The short version - I bought a very powerful work station class PC, an off-lease Lenovo ThinkStation at a great price, saving not hundreds, but thousands. I'm happy with my purchase, and I'd buy this way again for sure. I couldn't build myself such a machine at this price, not even with buying all used components!
The long version - Even though I've always built my own DAW PC's, with new components, and building cloned machines with used components for several hundred less, several months back I was talking with this guy who bought a few very powerful HP Z800 workstation PC's in the off-lease/refurbished/used market. This got me thinking, and researching into this idea...especially the idea of buying a super powerful off-lease workstation class PC with ridiculous specs.

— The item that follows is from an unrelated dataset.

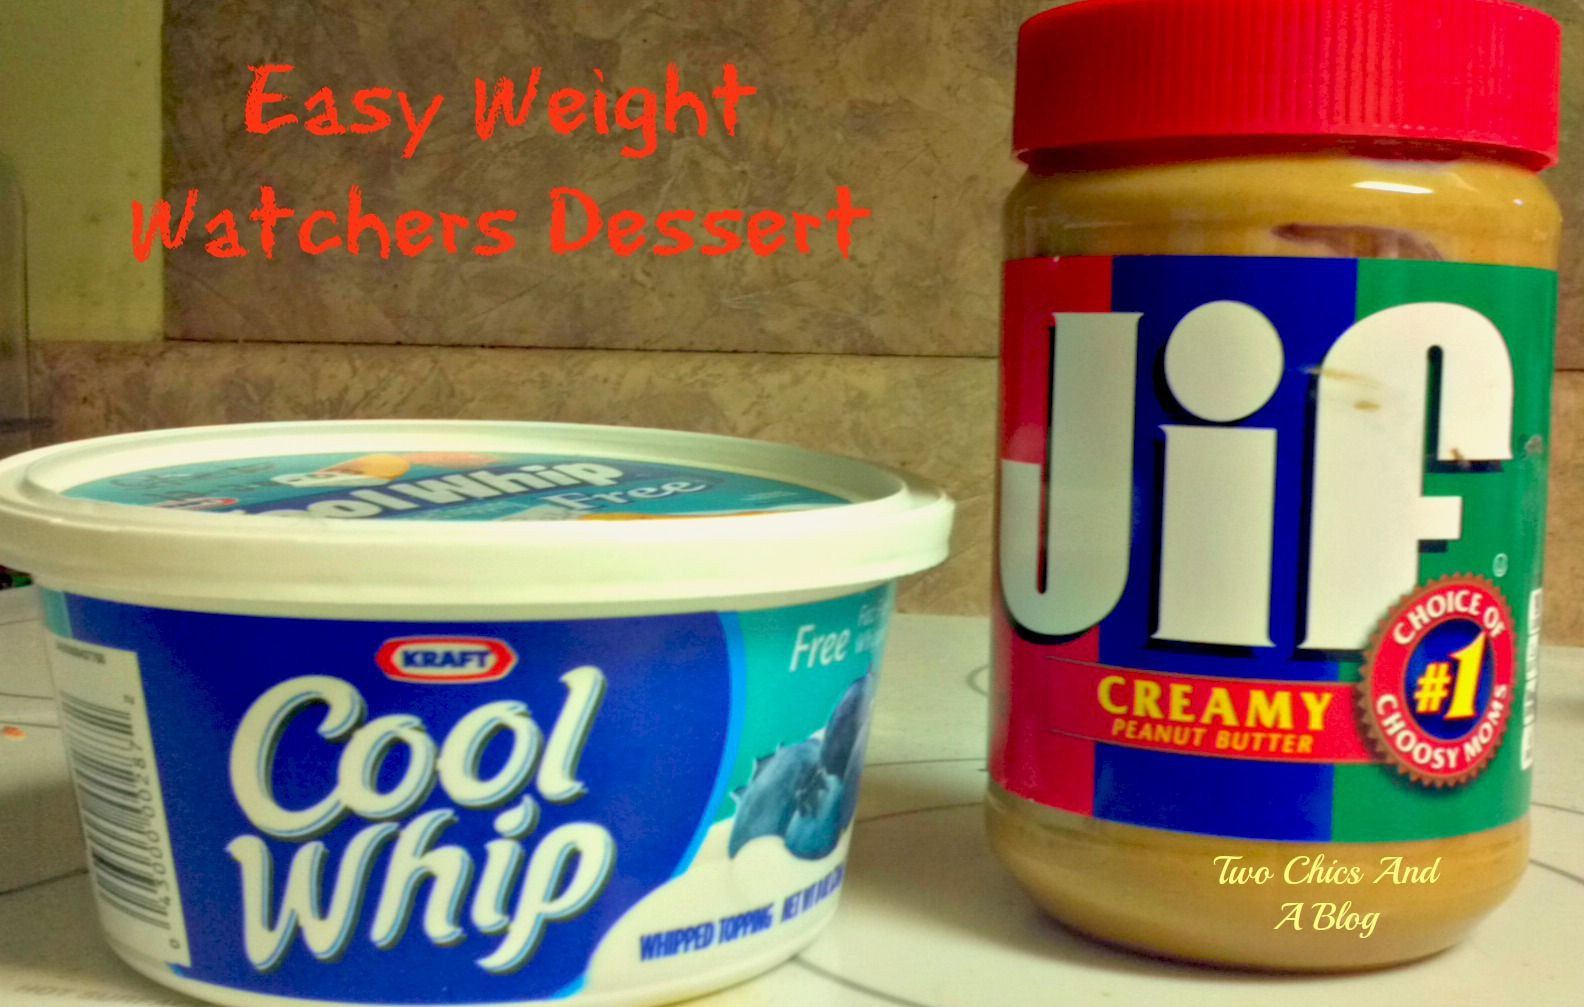 Weight Watchers Dessert Recipes With Cool Whip
 weight watchers peanut butter pie cool whip

I had been going over whether I should buy an HP, Dell or Lenovo. These brands all have work station class PC's with very similar specs. Steinberg even recommends the HP Z series PC work stations (Z800, Z820 Z600 etc systems). But the HP's are the most expensive of the bunch. So I was considering the Dell T5500 series etc, & Lenovo ThinkStations series, D-20, D-30 etc.
I ended up buying an off-lease Lenovo ThinkStation D-20 PC, with dual 6-core Xeons (12 cores @3.06 Ghz/24 threads). It came with 48 GB DDR3 ram, two 1 TB HDD's, and Win 7 Pro 64 bit with disk. With shipping, less than $600. Slightly older yes, but still very powerful. I bought and added an SSD for my OS/Programs drive for about $80 more, and I'm using the other two HDD's it came with as my 'VSTi Samples' & my 'Projects/Audio' drives. I'm running Cubase 64 bit on it, and so far so good!
Currently, with my main 64 bit power house Cubase DAW PC, I'm running four identical Win XP 32 bit quad-core PC's with legacy Cubase versions on them to host as my slaves, running all my 32 bit stuff on them. I'm synchronizing them all with Steinbergs Cubase's own VST System Link. I would consider getting another Lenovo 64 bit PC with another 64 bit Cubase version to use as my slave, reducing my PC array down to two, rather than five PC's. But I have so much hardware & software invested in the 32 bit world that I want to get every bit of continued use out of them.